23 Temmuz 2019 Salı

OKUMA AYNASI
Okunması en zor on kitap şunlarmış, ( Djuna Barnes / Geceyi Anlat Bana, Jonathan Swift / Fıçının Masalı, Hegel / Tinin Görüngübilimi, Virginia Woolf / Deniz Feneri, Samuel Richardson / Clarissa ya da Genç Bir Hanımın Öyküsü, James Joyce / Finnegans Wake, Martin Heidegger / Varlık Ve Zaman, 16. yüzyılın ünlü İngiliz şairi Edmund Spenser'ın / İngiltere'yi ve Kraliçe Elizabeth'i yücelttiği uzun alegorik şiiri "The Faerie Queene" (Periler Kraliçesi), Gertrude Stein / The Making of Americans, Joseph McElroy'un / 1190 sayfalık "Kadınlar ve Erkekler" adlı romanı)
Bir anlayış ve zevk bahçesine göre elbette...

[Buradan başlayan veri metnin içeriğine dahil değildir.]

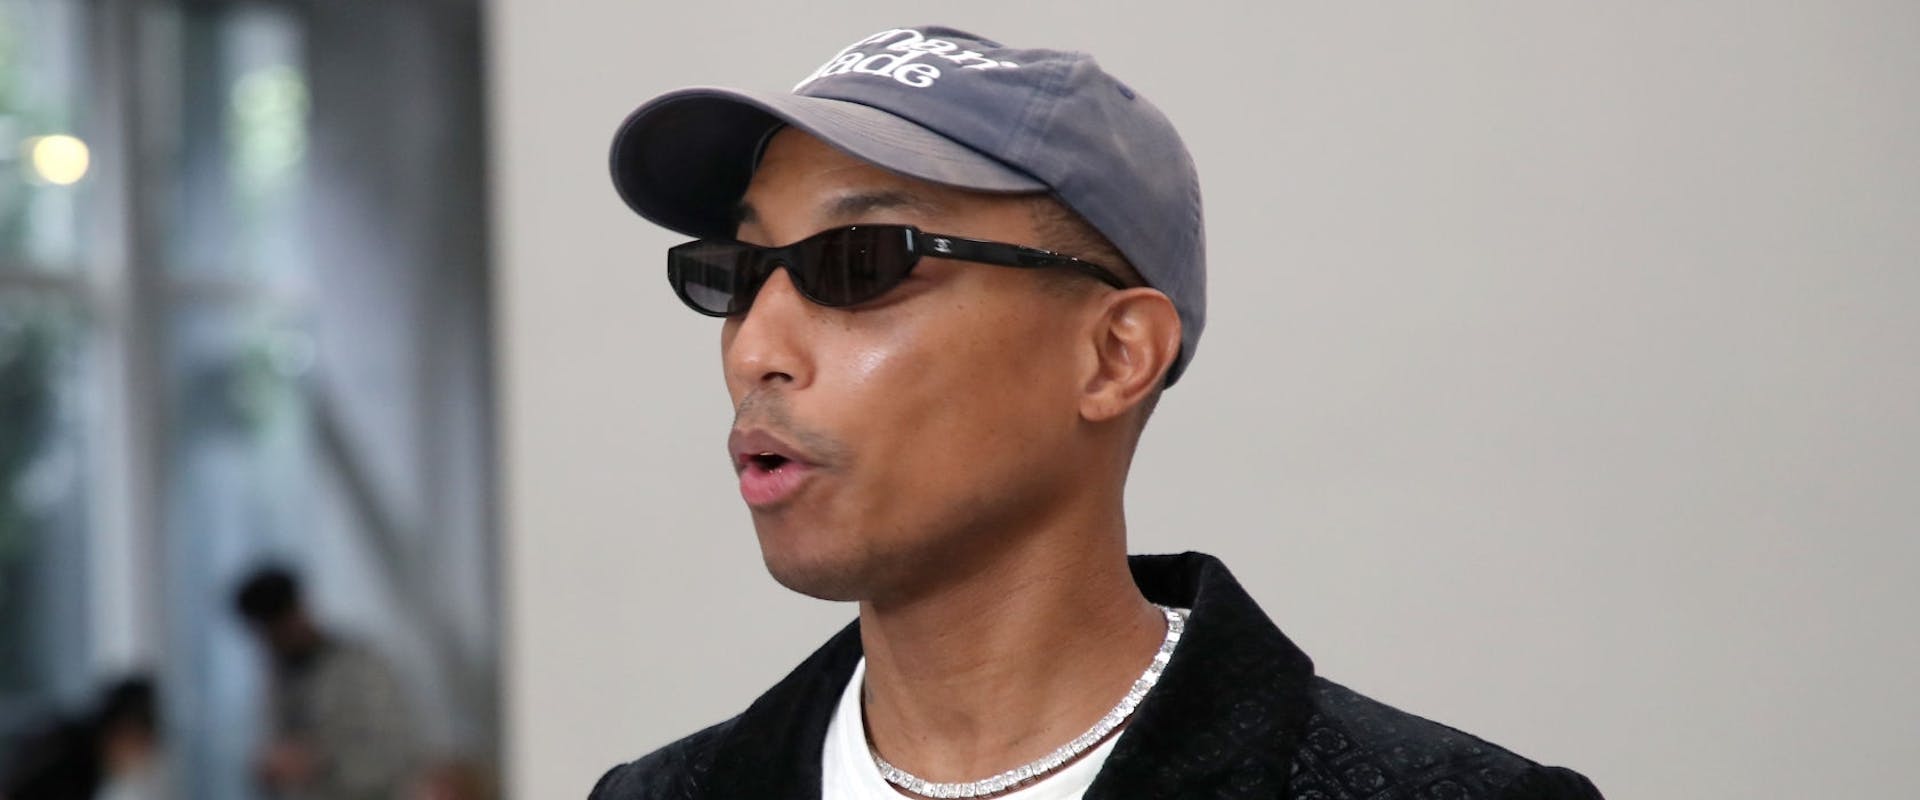 Pharrell Williams attends the Chanel Metiers D'Art 2021-2022 show at Le 19M on December 07, 2021 in Paris, France.

Kesinlemelerden uzak durulması gerekirse de, okunması en zor kitap türü diye bir şey yoktur, yazınsal lafoloji bunlar!.. Seremonilerin efendisinin uydurmaları. Size bir şey söyleyeyim mi, ormanda patika çoktur, haydi alkışlayın ama önce ikiye ayrılın, bir taraf bu görüşe şiddetle karşı çıksın, diğeri ise canla başla sarılsın, bazen bu taraf ağır bassın, bazen diğer tarafın görüşü, zamanla bu tarafın önde gelenleri, görüşlerini halka benimsetenler, hatta medyayla, manipülasyonla, iç ve dış mihraklarca dayatanlar, güçlensin, semirsin, erkin cennetine hoş gelsin, ilerleyen zamanda aynı şey diğerinin başına gelsin ve ama zaman öyle ilerlesin ki bu ikisinin neyi savundukları ve neyi ileri sürdükleri unutulsun, Habil ve Kabil gibi ikiye ayrılsınlar, tüm hır gür ve kavgalar neyi savundukları bile artık unutulmuş bu iki aslan parçaları yüzünden olsunlar, onların fonksiyonları, fraksiyonları, tilmizleri, çömezleri, örgütleri, partileri, sekterleri, sekreterleri, süveterleri, goşistleri, sosyalistleri, sosyal faşistleri, Hıristiyan demokratları, fundamentalleri, sekülerler, laikler, şeriler, mujikler, palikarya, proletarya, narodnikler, bolşevikler, menşevikler, jakobenler, jirondenler, lordi, kürdi, Türki, gagavuz, yavuz, Cilavuz, sünnetliler, Siyonistler, Yehovacı, hacı, haçlı, Şinto, Budist, trol, fan, Pan, general, amiral, bipolar, spektaküler, kartel, tröst ve Henkel ve heykelleri olsun!..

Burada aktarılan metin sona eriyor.